INFORMATION SUPPLIED:
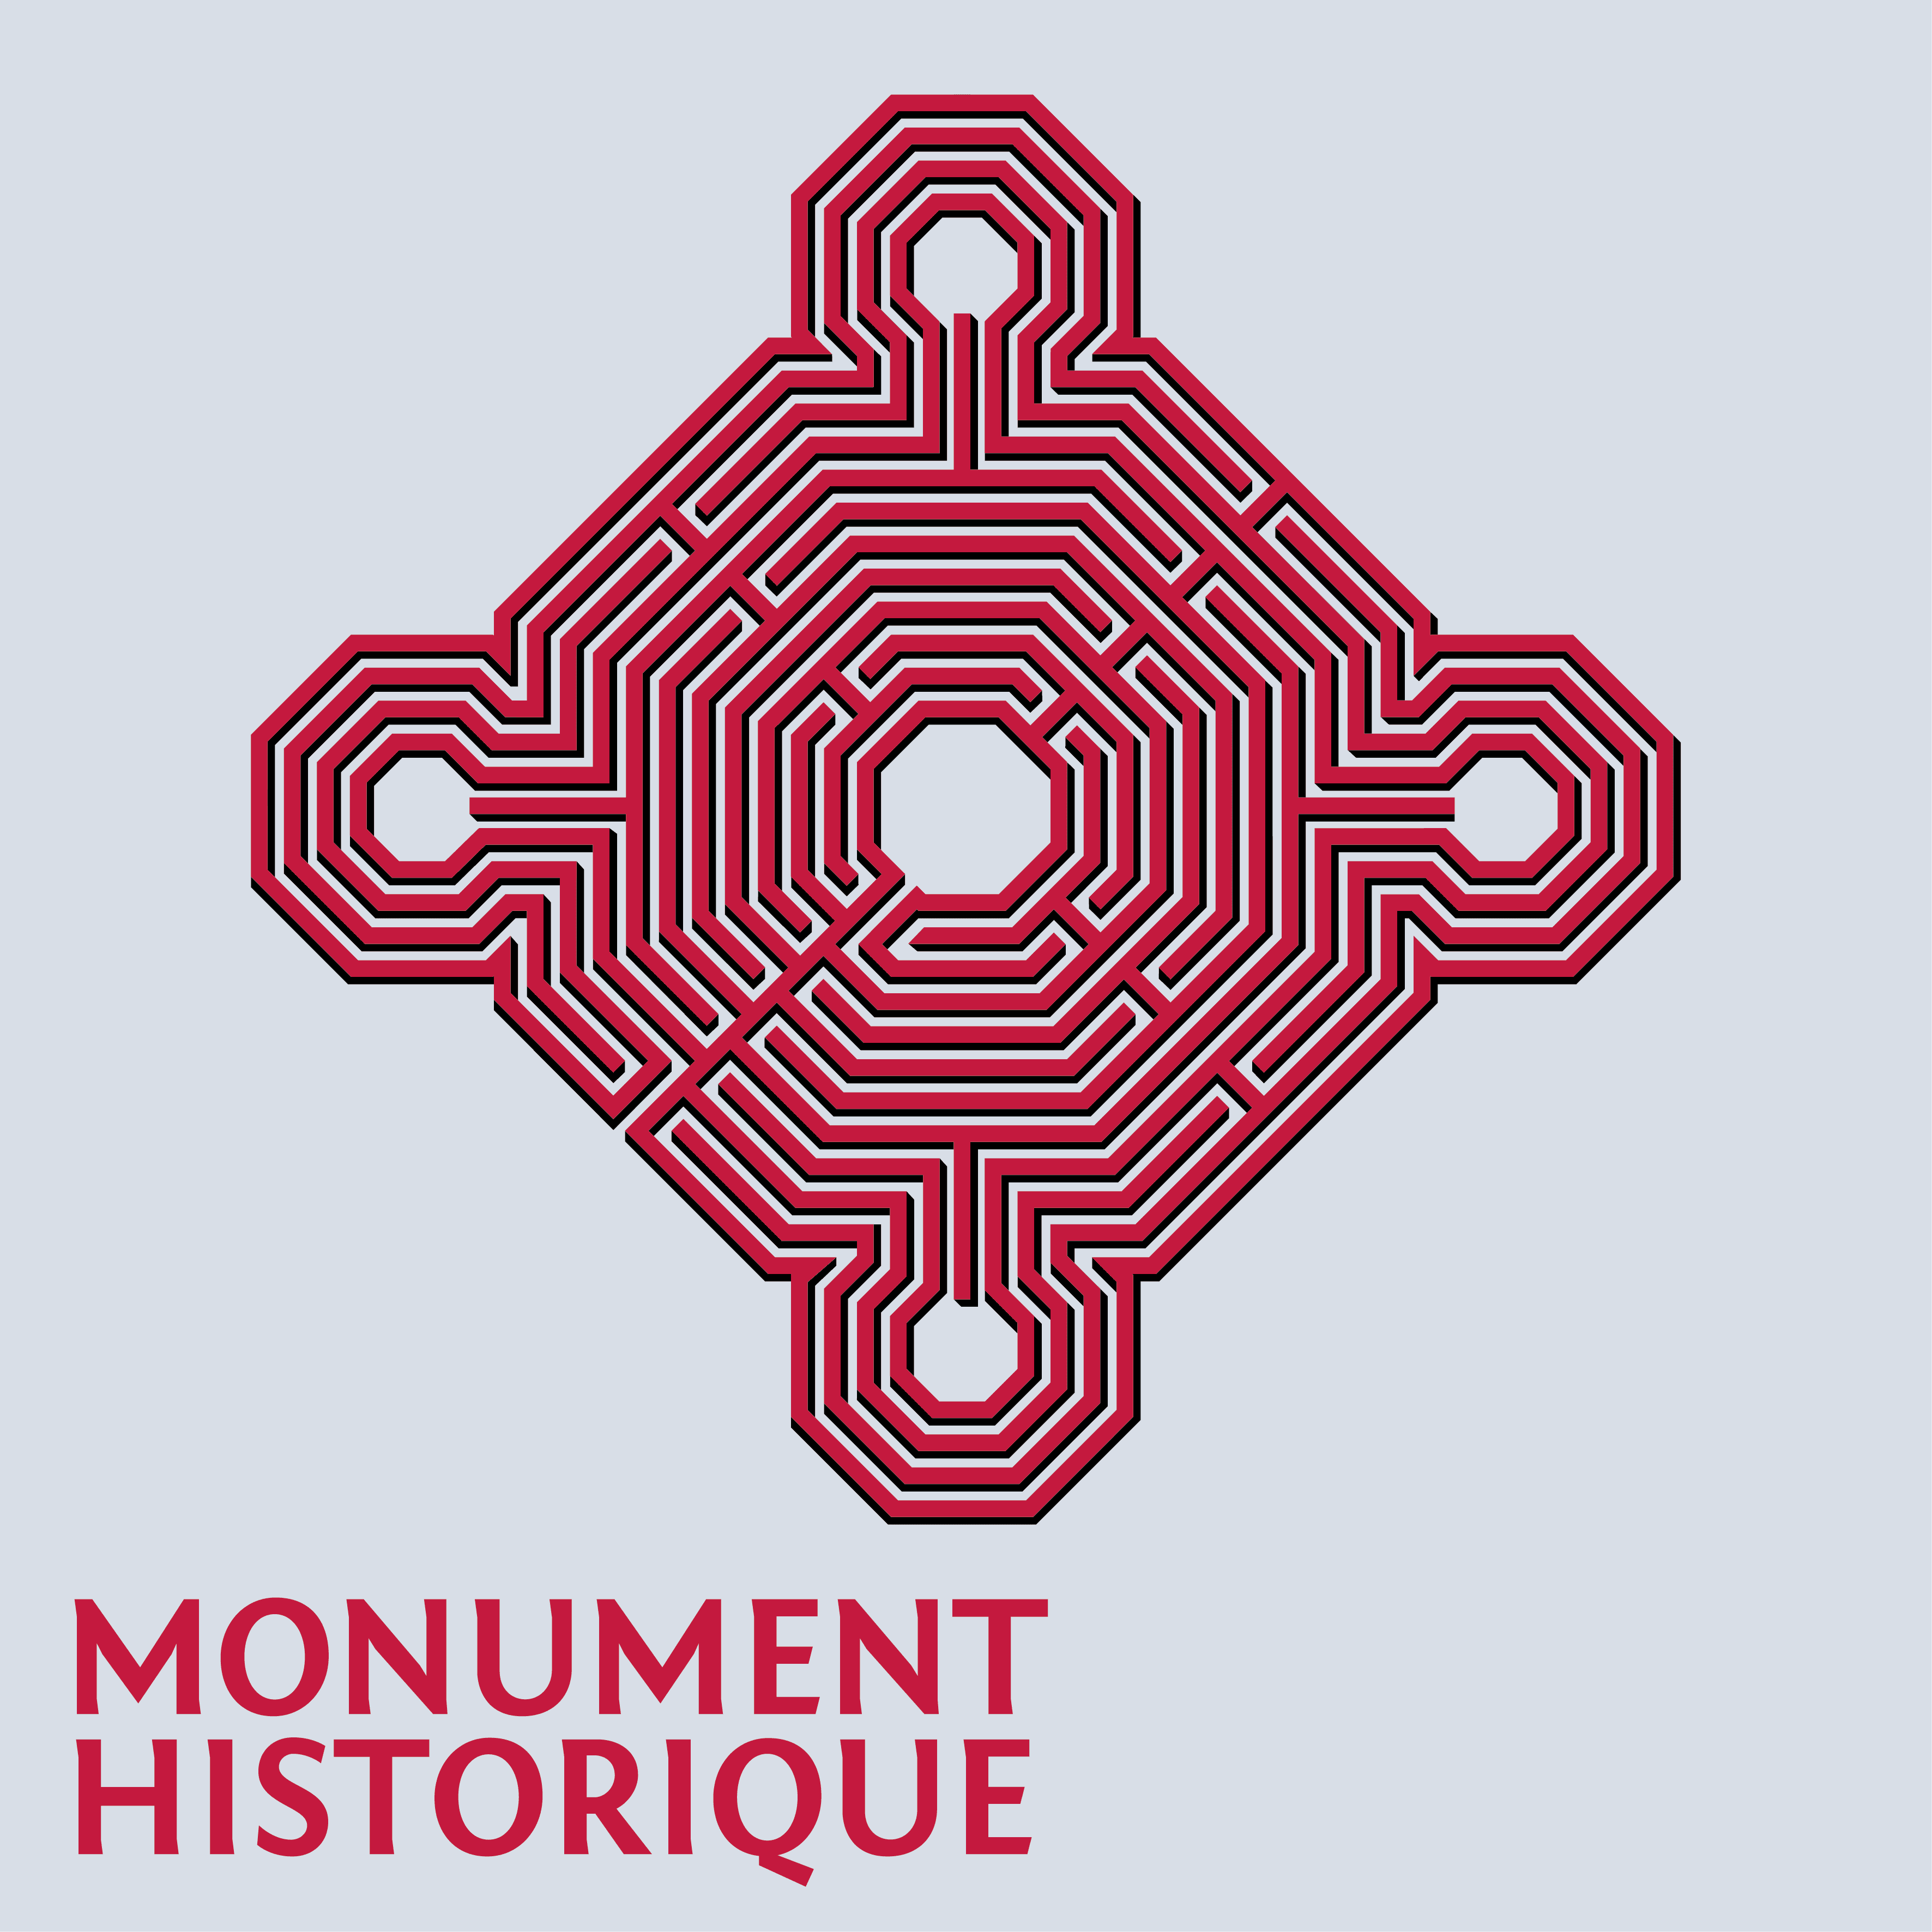 Plaque-Monument-historique-2017.png
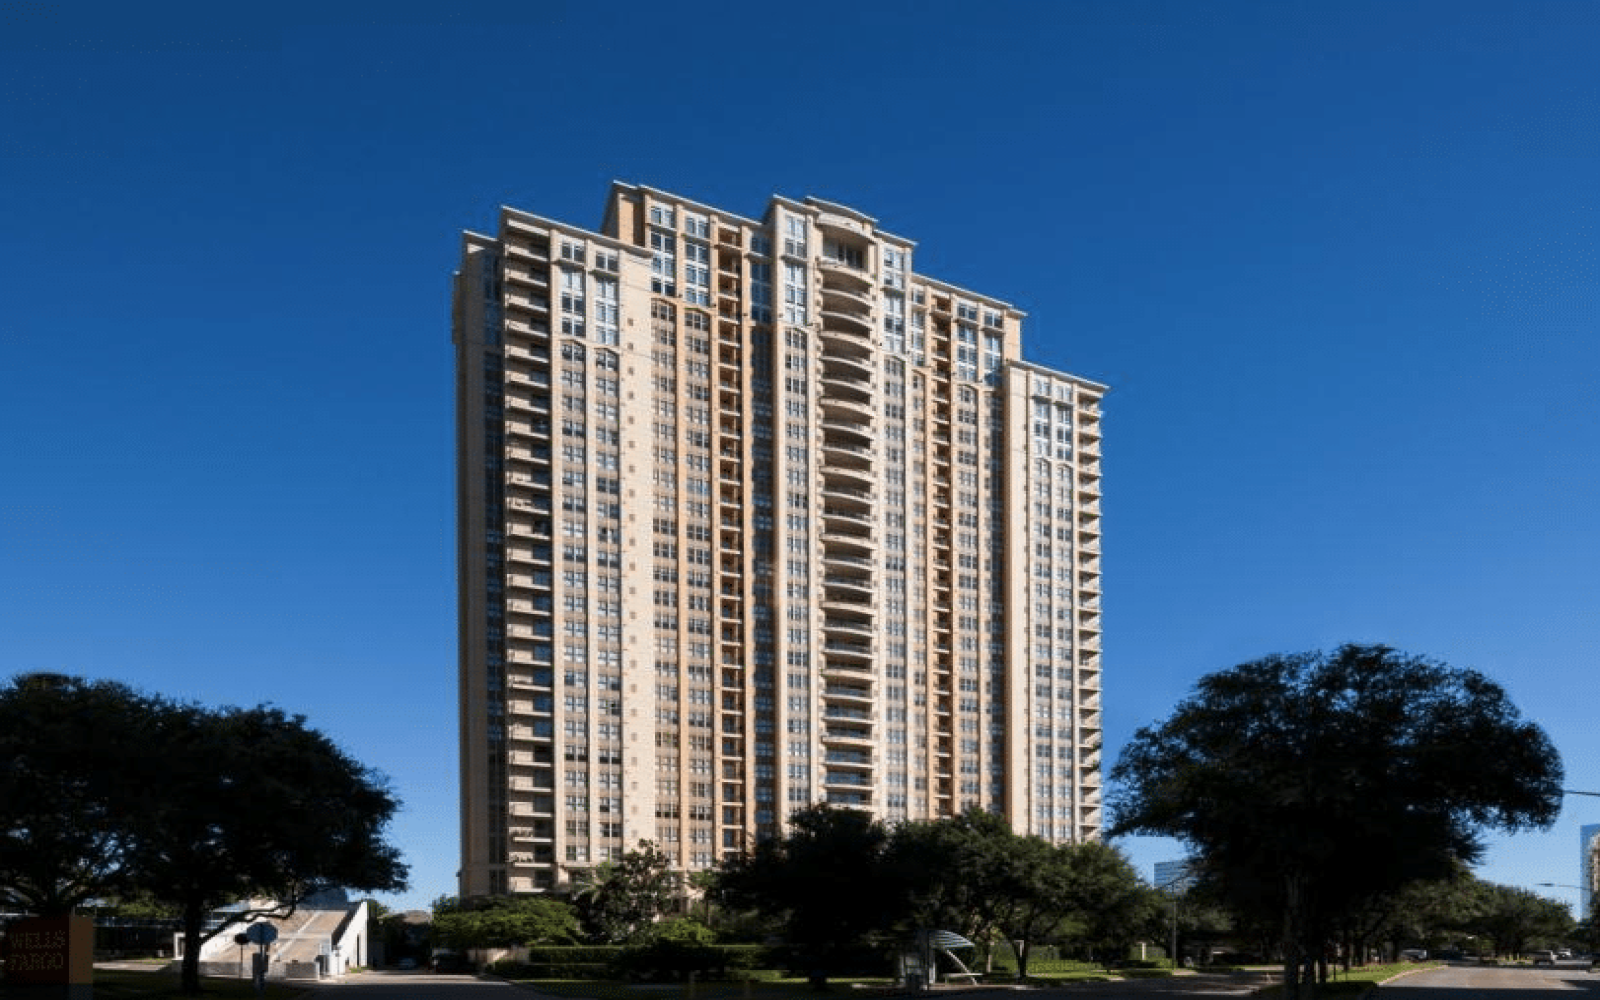 1200 Post Oak Blvd,Houston,77056,Apartment,Post Oak Blvd,2822
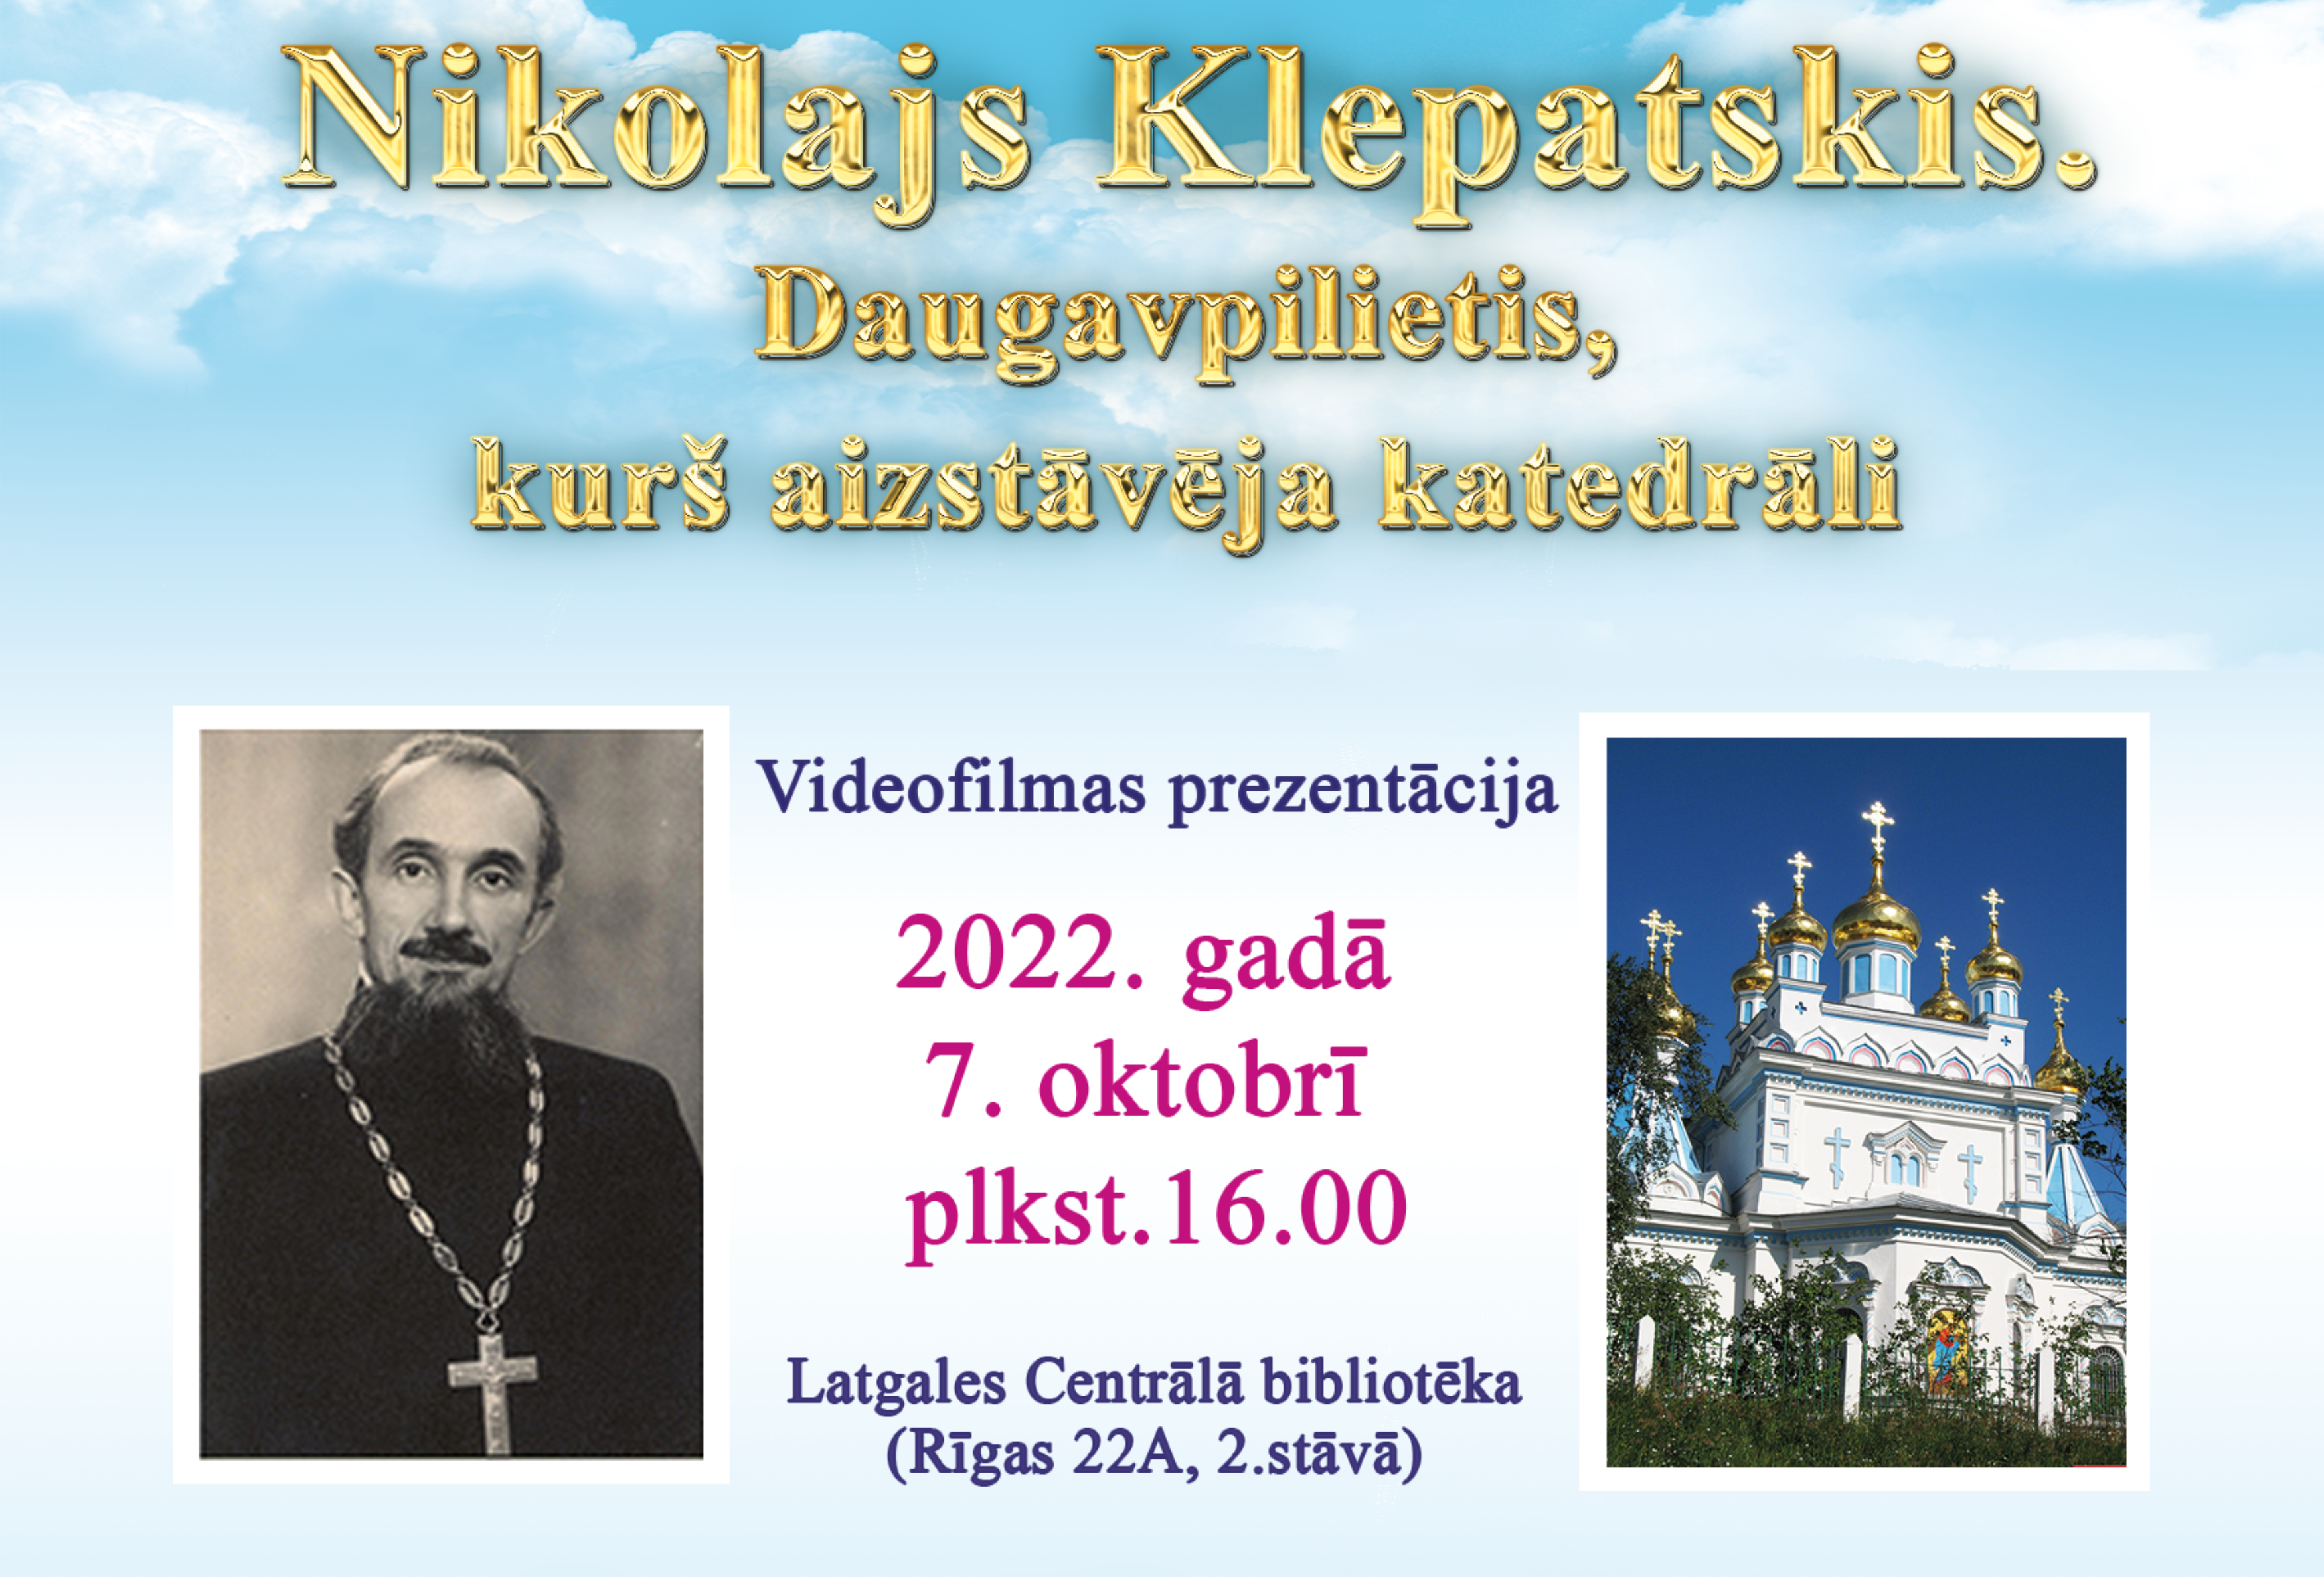 Krievu kultūras centrs prezentē videofilmu par priesteri Nikolaju Klepatski

TASK INSTRUCTIONS:
An unaltered copy of the material, without images, should be set down.

SOLUTION:
 Plaque-Monument-historique-2017.png
 1200 Post Oak Blvd,Houston,77056,Apartment,Post Oak Blvd,2822
 Krievu kultūras centrs prezentē videofilmu par priesteri Nikolaju Klepatski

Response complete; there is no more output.